The city is an attraction itself  with some streets reserved only for pedestrians. Buildings from the last century are preserved giving an atmosphere of the past with a foot in the future. A world of souvenir shops seel all kind of products to tourist. From sheep wool artefacts to gemstones, woodcarving, Papua shell ornaments, skin and facial oils, perfumes, and so many other things that I could fill up this page. On the street margin the lake, the view is not only astonishing but there are restaurants and cafes lake side for an enjoyable day of night. (we had a grilled rack of land and vegetables that was simple supreme). Everything in Queenstown is tourist including the prices, but is ok to indulge yourself once in a wile. If you are travelling in a budget, there are eateries (of course without views) that serves god food for a reasonable price. There also some alternatives in the shopping centre as the traditional American take away. At the lake there are plenty of water activities from a contemplative slow tour on an old paddle boat to parasailing and other that your hear will try to jump out by your mouth. Walking to the hill on the back of the lake, the happy tourist will find a cable car that take you to the top. On the way up the view is already fantastic, but even better when you reach the top. There, a restaurant offer drinks and delicious dishes with a view capable of make Kiwi cry. Also there are attractions such as the "luge", a kart which you ride way down the hill, in great speed. If you think everything is boring, you can excite you life doing a Bungy Jump from a tower to the emptiness of the valley ahead. If you still are not adrenalinated yet, you can go down the hill by a tandem flight under a paraglider.

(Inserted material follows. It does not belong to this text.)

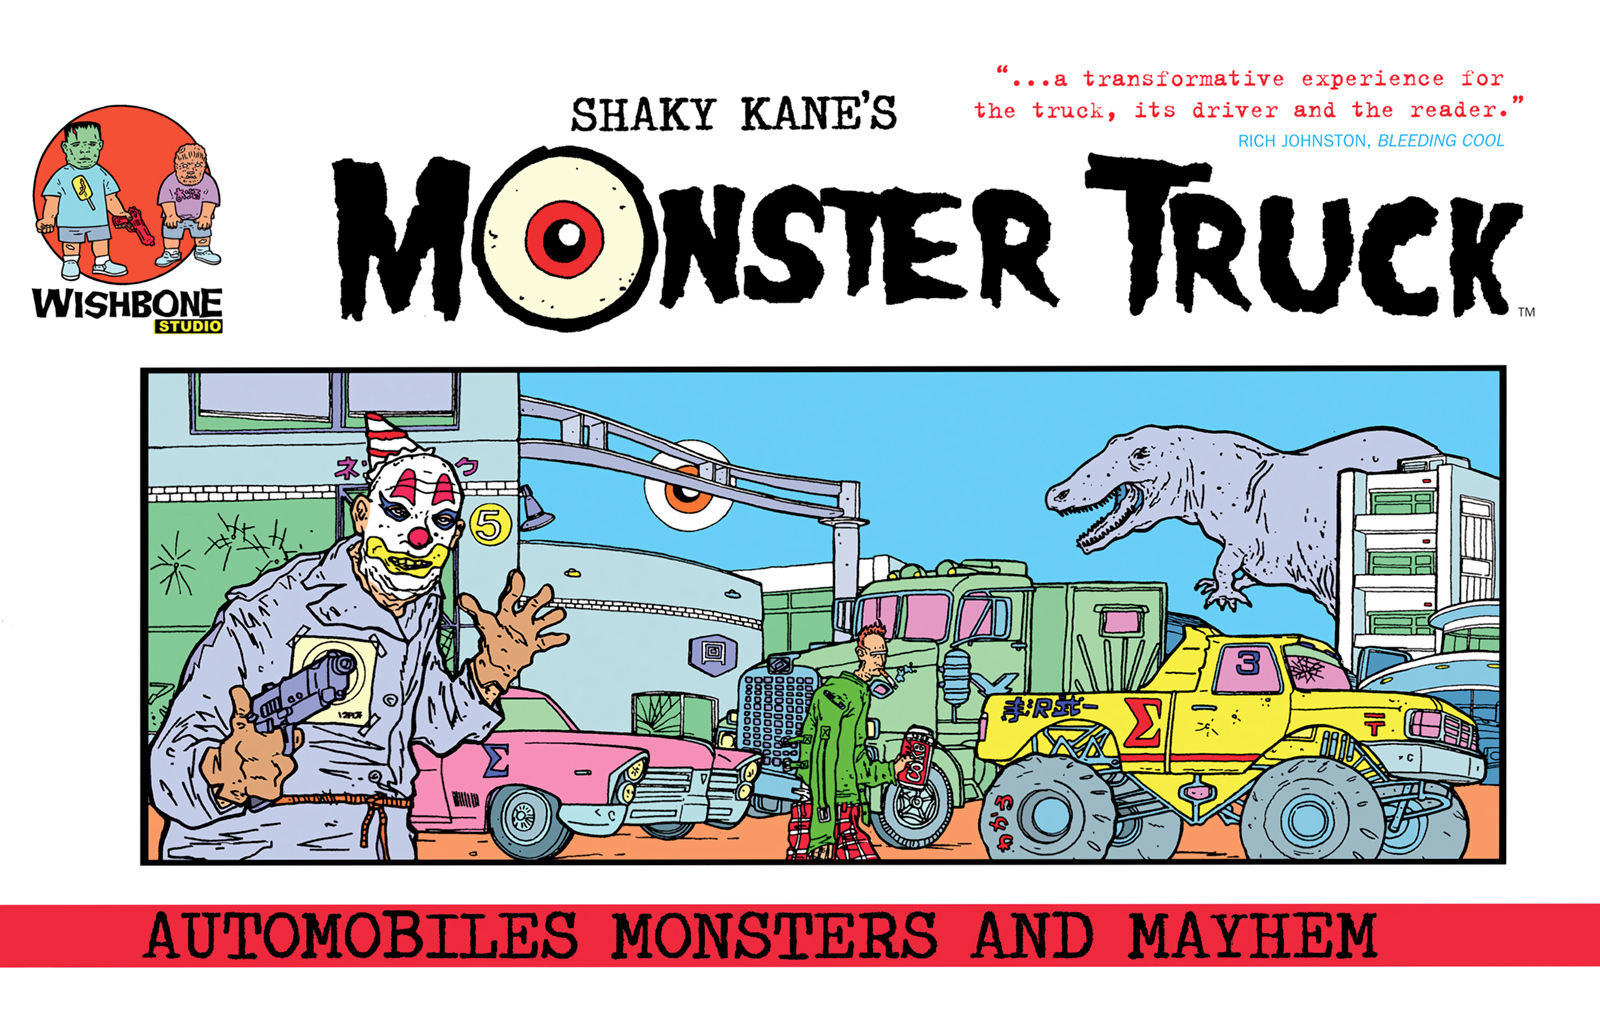 Shaky Kane's Monster Truck Cover

The mountains opposite to town are called the "Remarkables", due the fact it is impossible to miss except in a very stormy day. During the Winter months (June/October) these rocky valleys are covered by snow transforming the area in one of the busiest ski fields bottomless skiers from all over the world come to experiment how soft the snow is as well as photographers come to register falls and spectacular crashes. Jokes apart, the ski field offer tracks for all levels of skiers, from beginners to professionals, a great time up in the mounting is guaranteed. Some times festivals happens over there with music bands, demonstration shows, ski competitions and night rides illuminated by querosene torches and lamps. You can hire all the ski gear over there including garments, or you can hire it in town. A dose of a strong alcohol beverage or a hot chocolate will help you to keep warm up there. Just don't forget to bring your credit card with you. (we found out that our credit card even in temperatures below zero still debit us pretty well).

Tip: If you decide to rent ski gear in town, make sure the ski boots and your feet become extremely good friends. A wrong size ski boot is the worst enemy I ever had. Even worst when you find out that the shop you hired it from, is that illuminated spot far away in the horizon, 2000 metres below. In some cases it is cheaper to rent in town, by with this lesson learned, from now on, I prefer to pay more up in the mountain but at least I can exchange the gear if something fits wrong.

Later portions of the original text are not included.